Sono le 17.34 e dopo oltre cinque ore di volo proseguiamo lentamente verso la prima meta di questo viaggio, Washingthon, ma sempre ritornano alla mia mente queste parole sulla vicinanza, sul nostro volto e sul volto dell' Altro. Ripenso a tutti gli incontri, alle mani strette, a quelle figure che hanno illuminato la mia esistenza e nel ripercorrere quelle scene una immagine mi ritorna alla mente. Ogni volta in cui avevo incontrato quei volti, quegli uomini saggi che hanno mutato con le loro parole, con i loro silenzi la mia vita, ognuna di quelle volte vi era una costante in quegli incontri : ognuno di loro si era posto verso di me senza difese, senza barriere, senza preconcetti, ma con quella apertura del maestro che accoglie il discepolo e che a lui tende la mano.
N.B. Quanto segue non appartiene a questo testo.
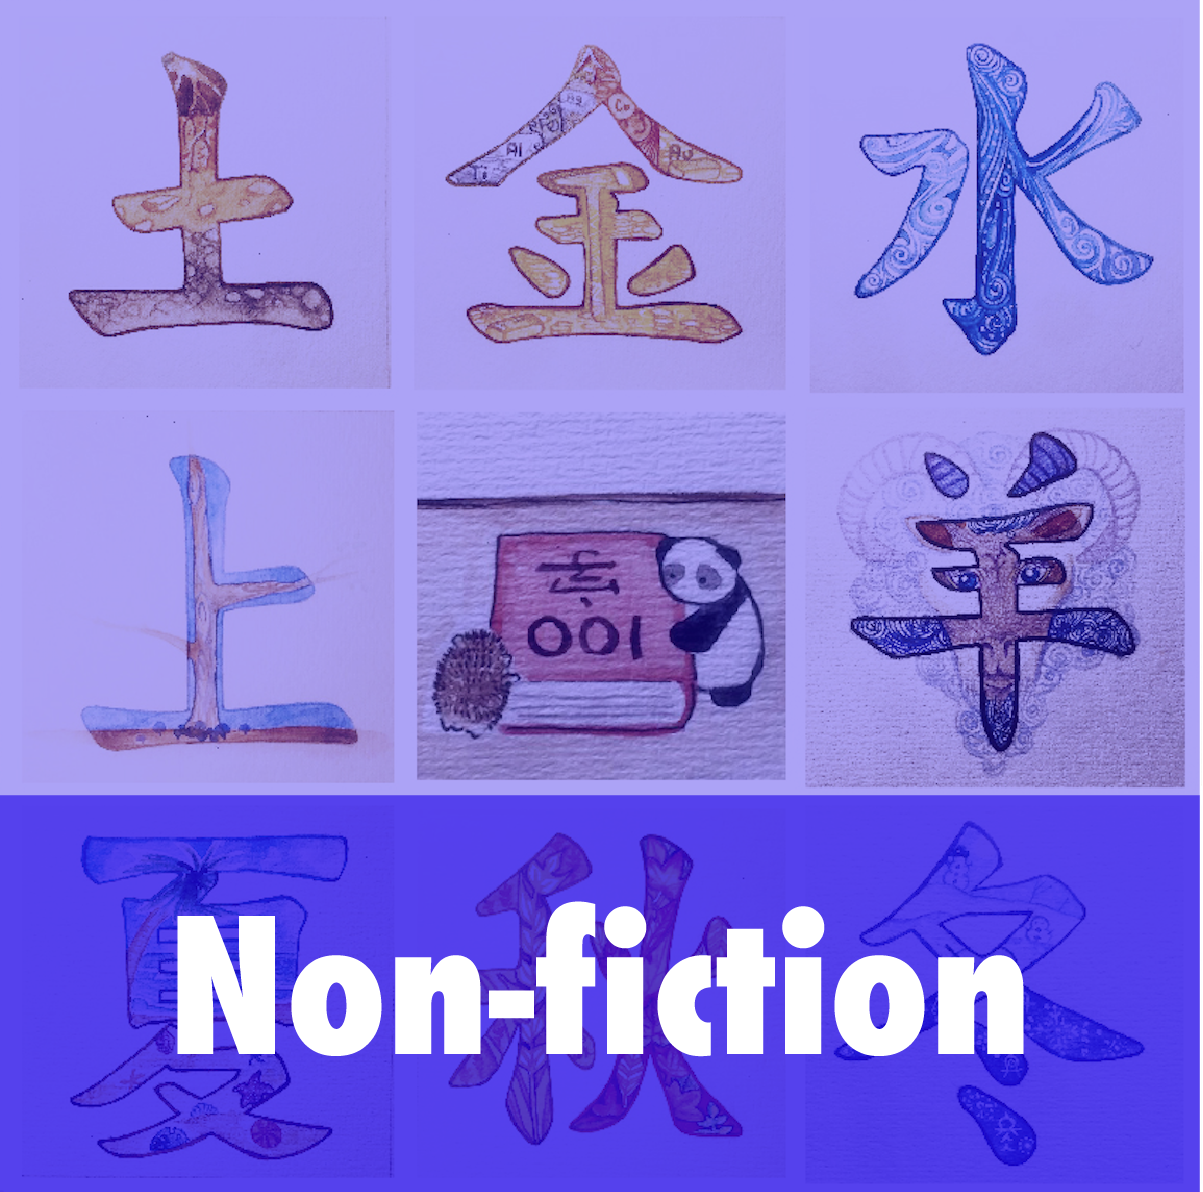 02A Non-fiction thumbnail.png

Ad ogni incontro ognuno di quei saggi aveva svelato il suo cuore, la sua anima a me senza porre maschere, senza alzare difese. La verità non ha bisogno di barriere per difendersi, basta a se stessa. E ogni volta in cui ripenso a quegli incontri mi ritornano alla mente attimi pieni di luce, ricchi di affetto, pieni di quella densità di vita comune a chi ha tanto amato e tanto sofferto. E ogni volta in cui ripenso ancora a quegli incontri mi rendo conto che una cosa li aveva sempre contraddistinti: avevo avuto il coraggio di mettermi in gioco con loro, avevo avuto la forza di mettermi in discussione per far si che la loro verità permeasse la corazza del mio cuore e la loro verità mutasse la mia vita.

Un incontro, ogni incontro, quando è vero ci porta sempre a cambiare. Forse è vero, un incontro per essere vero, per spezzare le catene dell'abitudine, per farci avvicinare alla verità dell' altro, deve avere il palpito di un atto d' amore al quale ci apprestiamo abbandonando, poco alla volta, tutti i nostri vestiti, lasciando cadere le maschere della consuetudine.
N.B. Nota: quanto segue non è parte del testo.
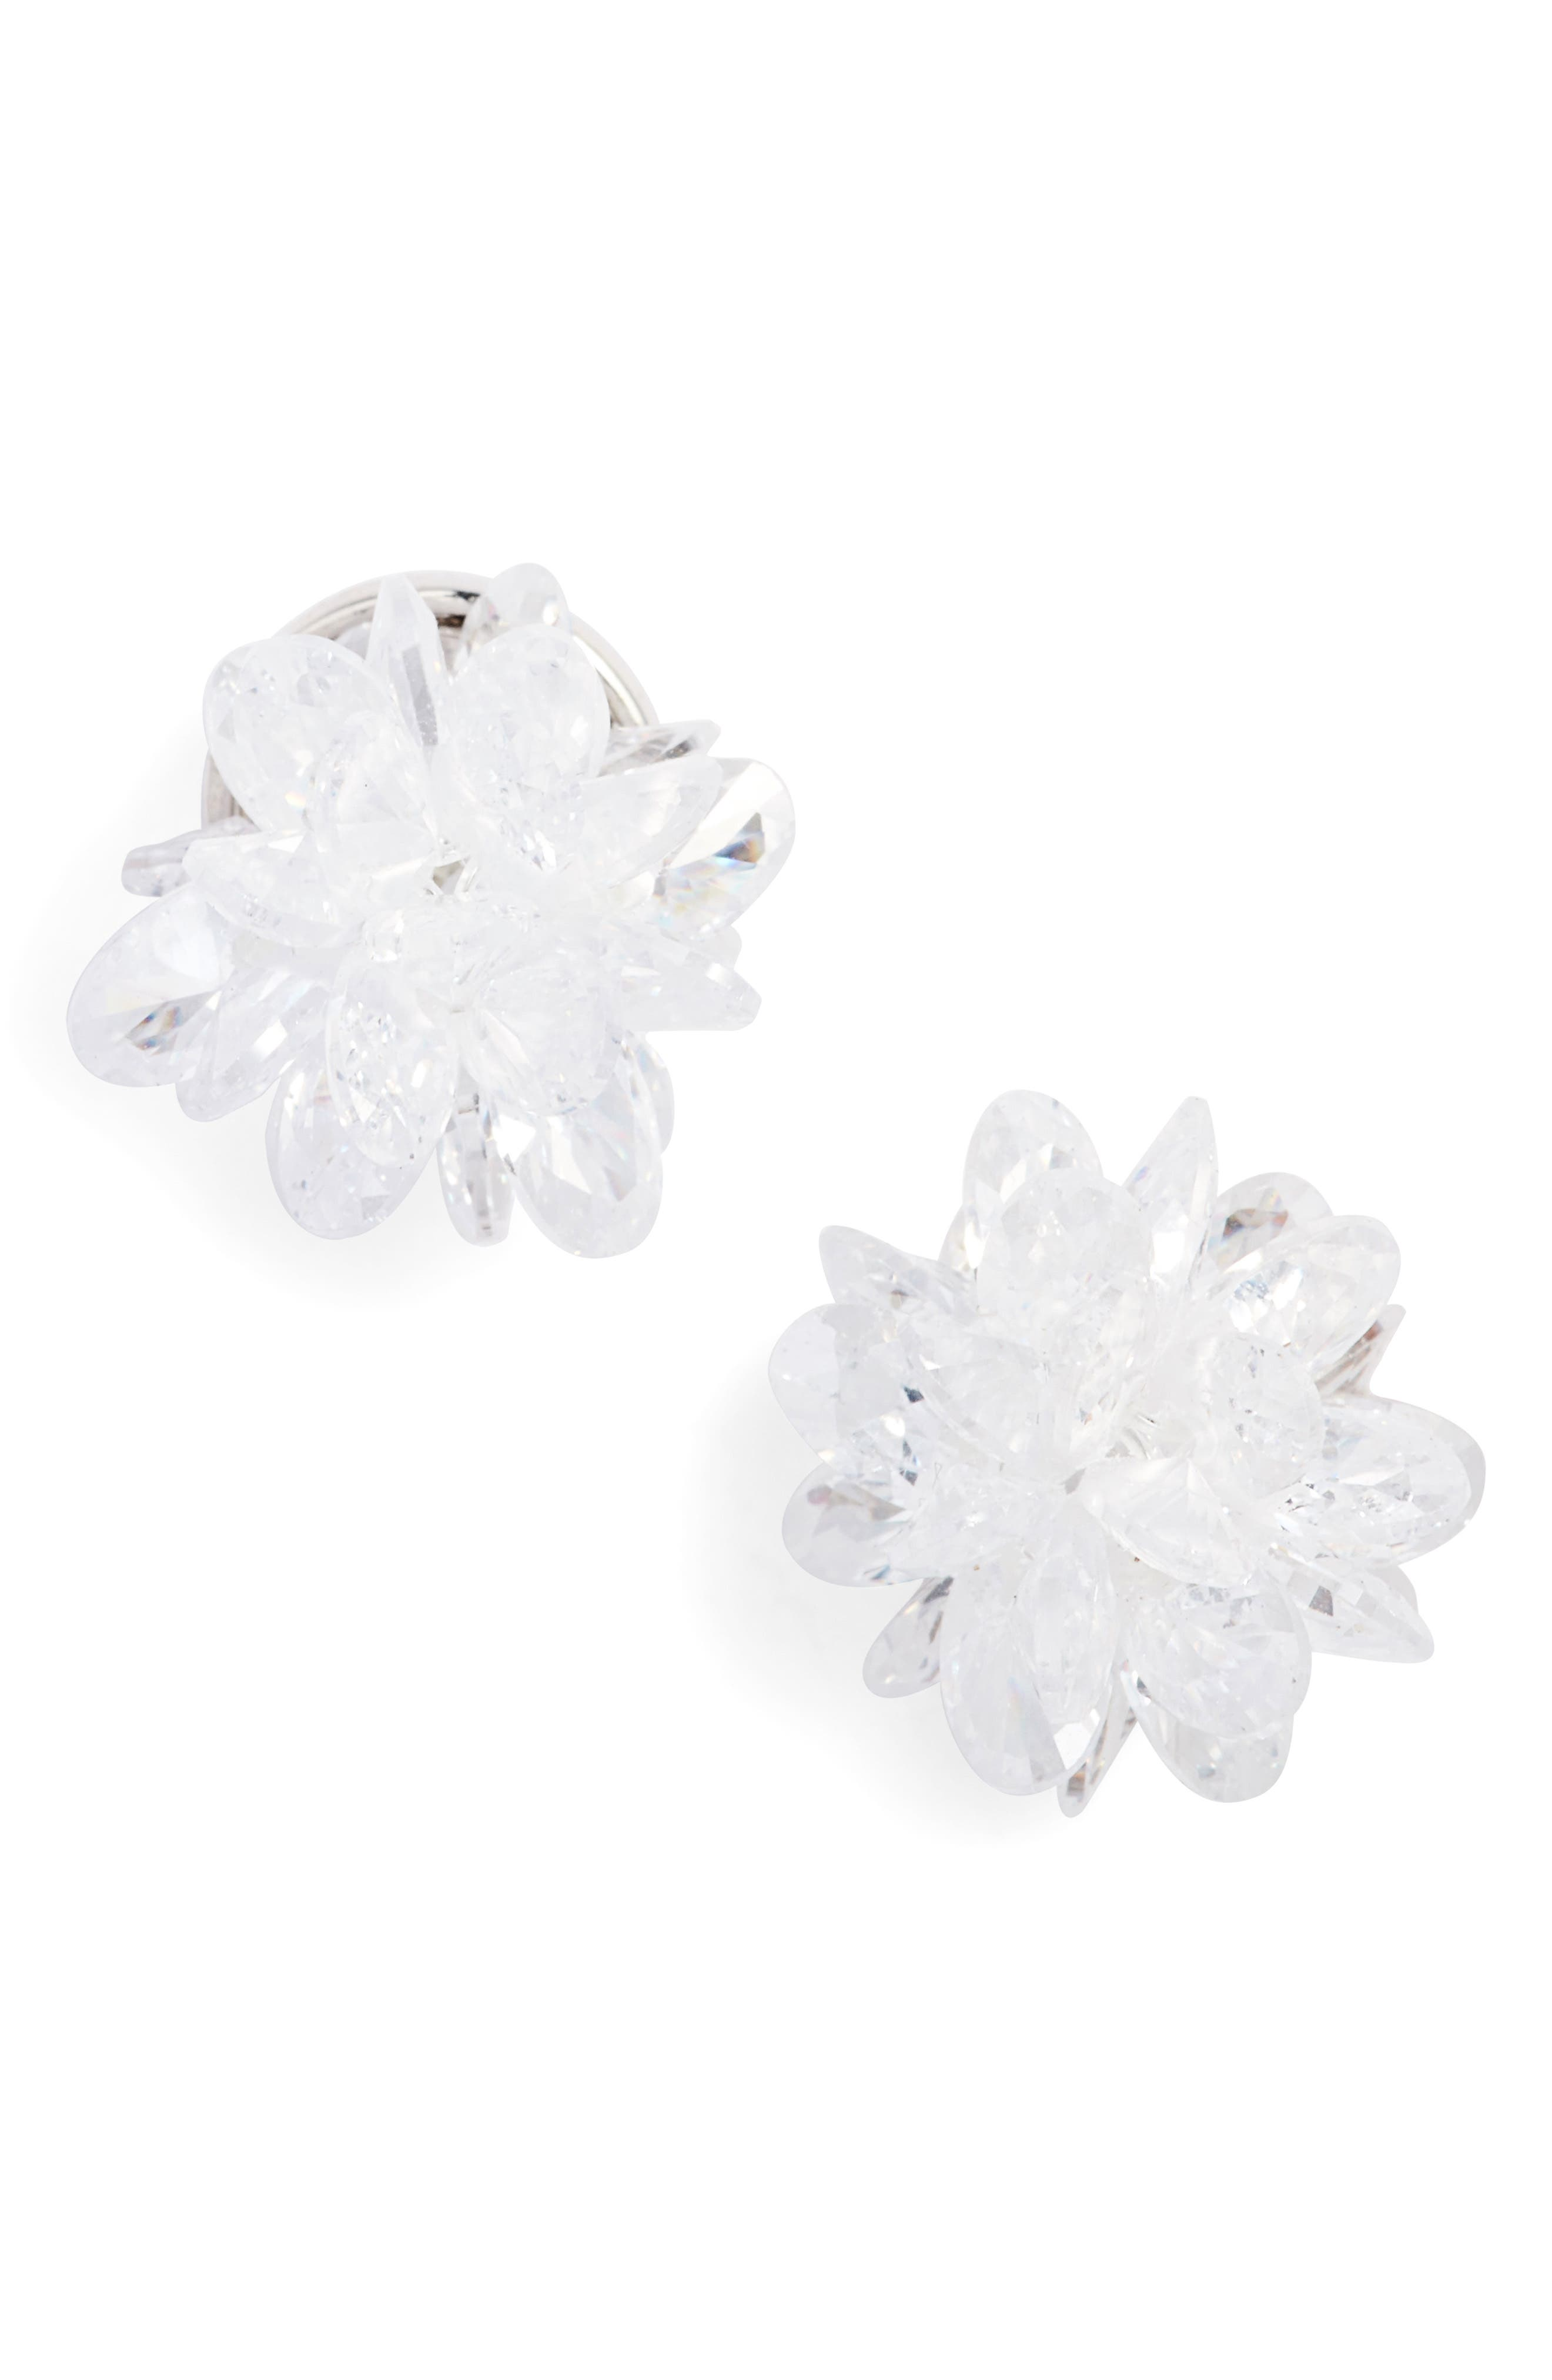 Alternate Image 1 Selected - kate spade new york flying colors rock candy stud earrings

La vita è di per se stessa un bellissimo viaggio ma non è possibile riempire la gerla dei ricordi se ogni giorno non abbiamo il coraggio di svuotarla, di togliere quelle immagini che oramai fanno parte di noi per fare spazio a nuove esperienze, a nuovi avvenimenti. Ma è difficile cambiare, è difficile rinunciare a qualcosa di noi, perché siamo troppo abituati a ciò che siamo per desiderare di metterci in gioco e scoprire parti nuove inaspettate di noi stessi e degli Altri. Il conosciuto, l’ abitudine è sempre più forte del desiderio di cambiare, di aprirsi a nuovi orizzonti e cosi, senza accorgercene, gli incontri passano invano e il tempo trascina con se i nostri dimenticati desideri.